Reproducing Another Win?
Ian Williams Up For Big Book Prize
By
Stephen Weir
Trinidadian
born Ian Williams is considered to be one of the country’s top poets. However, he is in the news these days for
Reproduction, his first novel. The
38-year old’s book tells the story of three generations of a Caribbean Canadian
family living Toronto.
Reproduction
is one of five novels that have made the $60,000 First Novel Award. Given out annually by Amazon Canada and The
Walrus Magazine, the prize honours the achievements of Canadian authors and
their debut novels.
Williams
left T&T in 1988 and moved to Brampton with his older brother and
parents. He turned out to be a brilliant
student earning his doctorate in English from the University of Toronto at just
25 years of age.
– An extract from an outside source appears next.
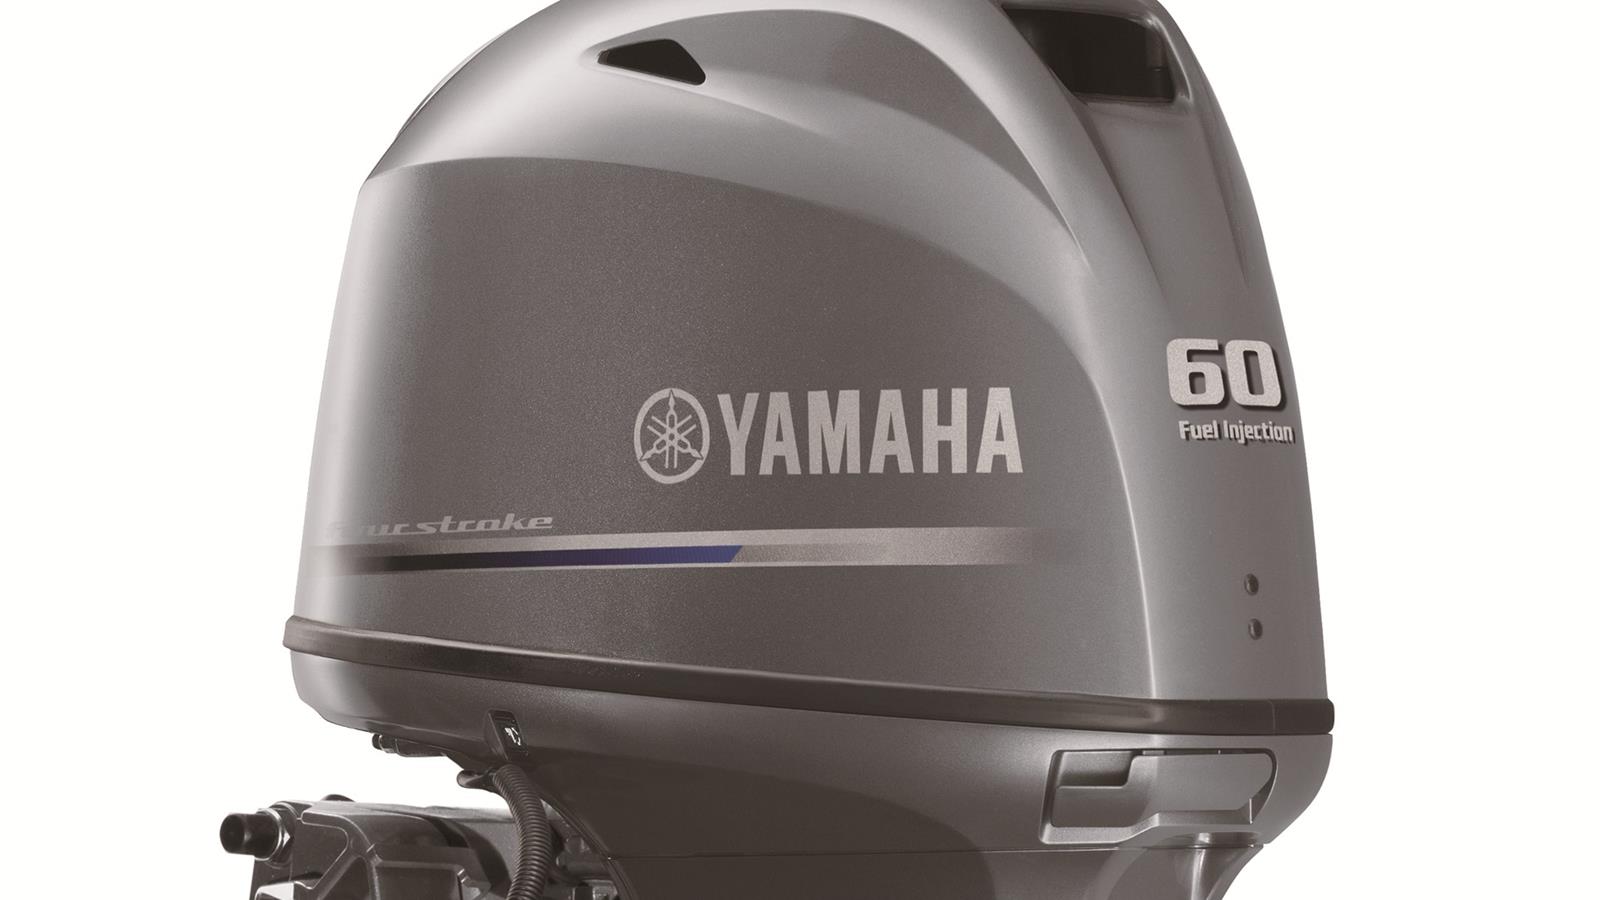 Yamaha anti-diefstalsysteem (Y-COP) Het unieke Y-COP systeem is eenvoudig, gebruiksvriendelijk en uiterst effectief: met een simpele druk op de knop van de handige afstandsbediening maakt u het

He is currently an assistant professor of poetry in the
Creative Writing program at the University of British Columbia.
His
first book, You Know Who You Are, was a finalist for the ReLit Poetry
Prize. His poetry collection, Personals,
was shortlisted for the Griffin Poetry Prize. A short story
collection, Not Anyone’s Anything, won the Danuta Gleed Literary Award for
the best first collection of short fiction in Canada. CBC named him as one of
ten Canadian writers to watch.
The
five nominated books are:
- The Amateurs, Liz Harmer
- Searching for Terry Punchout, Tyler Hellard
- Little Fish, Casey Plett
- Split Tooth, Tanya Tagaq
- Jonny Appleseed, Joshua Whitehead
- Reproduction, Ian Williams
The
winner will be announced at the annual Amazon Canada First Novel Award
ceremony on Wednesday, May 22, at the Globe and Mail Centre
in Toronto. This year's panel of judges is composed of Diane
Schoemperlen, a Governor General Award–winning author of 14 books,
including This Is Not My Life which was shortlisted for the 2017 RBC
Taylor Prize; Quebec’s Dimitri Nasrallah, and novelist Hugh MacLennan.